=== Task details ===
Could you count the lines in the listing that include the word "Navy"? Give only the number.
Record extracts: Begin
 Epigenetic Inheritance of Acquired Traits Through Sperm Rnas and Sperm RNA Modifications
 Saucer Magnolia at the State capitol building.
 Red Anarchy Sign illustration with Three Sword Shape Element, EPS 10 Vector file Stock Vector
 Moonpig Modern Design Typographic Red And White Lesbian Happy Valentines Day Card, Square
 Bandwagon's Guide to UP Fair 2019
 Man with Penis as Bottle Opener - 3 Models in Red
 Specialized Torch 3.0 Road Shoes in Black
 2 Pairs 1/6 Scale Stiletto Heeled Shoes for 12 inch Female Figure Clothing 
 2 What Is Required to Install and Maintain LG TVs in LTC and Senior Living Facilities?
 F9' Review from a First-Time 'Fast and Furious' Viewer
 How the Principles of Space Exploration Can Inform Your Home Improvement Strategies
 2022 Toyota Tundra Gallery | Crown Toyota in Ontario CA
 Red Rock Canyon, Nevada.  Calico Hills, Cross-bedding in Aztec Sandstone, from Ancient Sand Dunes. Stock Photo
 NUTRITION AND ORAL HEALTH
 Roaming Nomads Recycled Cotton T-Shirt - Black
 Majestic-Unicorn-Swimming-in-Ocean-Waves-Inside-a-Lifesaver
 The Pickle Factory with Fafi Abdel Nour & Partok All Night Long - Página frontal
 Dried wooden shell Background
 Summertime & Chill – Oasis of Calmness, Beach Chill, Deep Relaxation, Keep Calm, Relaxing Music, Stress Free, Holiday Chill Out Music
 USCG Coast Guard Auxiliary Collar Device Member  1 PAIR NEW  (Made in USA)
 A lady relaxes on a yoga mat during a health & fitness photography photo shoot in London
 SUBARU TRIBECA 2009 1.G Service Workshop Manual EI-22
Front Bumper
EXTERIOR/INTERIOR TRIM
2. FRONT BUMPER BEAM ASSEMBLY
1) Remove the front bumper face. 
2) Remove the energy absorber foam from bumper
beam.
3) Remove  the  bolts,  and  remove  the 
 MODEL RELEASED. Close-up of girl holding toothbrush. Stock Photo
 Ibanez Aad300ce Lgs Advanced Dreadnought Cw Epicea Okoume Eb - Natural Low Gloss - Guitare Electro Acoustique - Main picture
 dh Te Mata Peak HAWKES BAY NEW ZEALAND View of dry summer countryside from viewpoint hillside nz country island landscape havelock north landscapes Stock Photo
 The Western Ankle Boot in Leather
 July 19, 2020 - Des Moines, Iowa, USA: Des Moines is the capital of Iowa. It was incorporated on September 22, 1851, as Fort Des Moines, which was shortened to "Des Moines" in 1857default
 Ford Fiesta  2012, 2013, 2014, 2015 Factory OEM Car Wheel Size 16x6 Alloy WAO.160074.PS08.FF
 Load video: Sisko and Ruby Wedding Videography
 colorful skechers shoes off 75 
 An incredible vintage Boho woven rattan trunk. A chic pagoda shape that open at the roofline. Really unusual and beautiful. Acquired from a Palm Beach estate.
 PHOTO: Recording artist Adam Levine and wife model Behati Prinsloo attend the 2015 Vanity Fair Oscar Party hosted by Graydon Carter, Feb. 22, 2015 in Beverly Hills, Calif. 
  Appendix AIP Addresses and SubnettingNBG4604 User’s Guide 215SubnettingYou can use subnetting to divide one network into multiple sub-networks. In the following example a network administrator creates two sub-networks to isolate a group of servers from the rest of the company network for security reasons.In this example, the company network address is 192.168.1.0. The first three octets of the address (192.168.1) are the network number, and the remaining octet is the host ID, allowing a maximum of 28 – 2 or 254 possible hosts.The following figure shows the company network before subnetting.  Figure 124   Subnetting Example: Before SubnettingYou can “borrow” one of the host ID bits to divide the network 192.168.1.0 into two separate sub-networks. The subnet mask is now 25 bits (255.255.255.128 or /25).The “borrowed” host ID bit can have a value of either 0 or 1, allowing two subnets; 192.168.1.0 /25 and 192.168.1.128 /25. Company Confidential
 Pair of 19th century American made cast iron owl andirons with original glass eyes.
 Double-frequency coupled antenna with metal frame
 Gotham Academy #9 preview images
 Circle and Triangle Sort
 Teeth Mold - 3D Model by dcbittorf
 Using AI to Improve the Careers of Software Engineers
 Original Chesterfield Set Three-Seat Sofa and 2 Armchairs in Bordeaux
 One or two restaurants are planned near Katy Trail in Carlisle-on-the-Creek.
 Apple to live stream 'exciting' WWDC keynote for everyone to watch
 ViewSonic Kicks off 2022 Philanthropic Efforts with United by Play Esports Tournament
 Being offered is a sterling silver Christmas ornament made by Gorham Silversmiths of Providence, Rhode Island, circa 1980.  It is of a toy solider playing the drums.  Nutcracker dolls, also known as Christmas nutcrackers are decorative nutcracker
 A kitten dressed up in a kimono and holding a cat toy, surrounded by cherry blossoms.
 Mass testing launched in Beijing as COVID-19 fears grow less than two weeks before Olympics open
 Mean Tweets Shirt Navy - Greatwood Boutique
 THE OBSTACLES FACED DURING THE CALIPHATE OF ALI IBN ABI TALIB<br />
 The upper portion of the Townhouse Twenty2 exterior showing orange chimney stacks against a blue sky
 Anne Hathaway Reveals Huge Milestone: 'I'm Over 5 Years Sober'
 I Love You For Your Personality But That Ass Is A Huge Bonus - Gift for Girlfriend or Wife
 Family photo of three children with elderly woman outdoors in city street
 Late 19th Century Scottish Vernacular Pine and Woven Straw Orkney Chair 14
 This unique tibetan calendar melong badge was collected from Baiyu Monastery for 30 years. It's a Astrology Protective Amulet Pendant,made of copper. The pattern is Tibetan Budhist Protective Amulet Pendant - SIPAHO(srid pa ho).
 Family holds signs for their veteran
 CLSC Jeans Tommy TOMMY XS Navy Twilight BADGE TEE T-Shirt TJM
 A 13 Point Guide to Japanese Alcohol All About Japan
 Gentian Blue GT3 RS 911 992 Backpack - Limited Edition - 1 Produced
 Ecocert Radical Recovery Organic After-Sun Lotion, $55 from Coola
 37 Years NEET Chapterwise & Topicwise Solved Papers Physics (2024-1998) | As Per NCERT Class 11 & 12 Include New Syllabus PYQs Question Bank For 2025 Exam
Record extracts: End
=== Exercise answer ===
2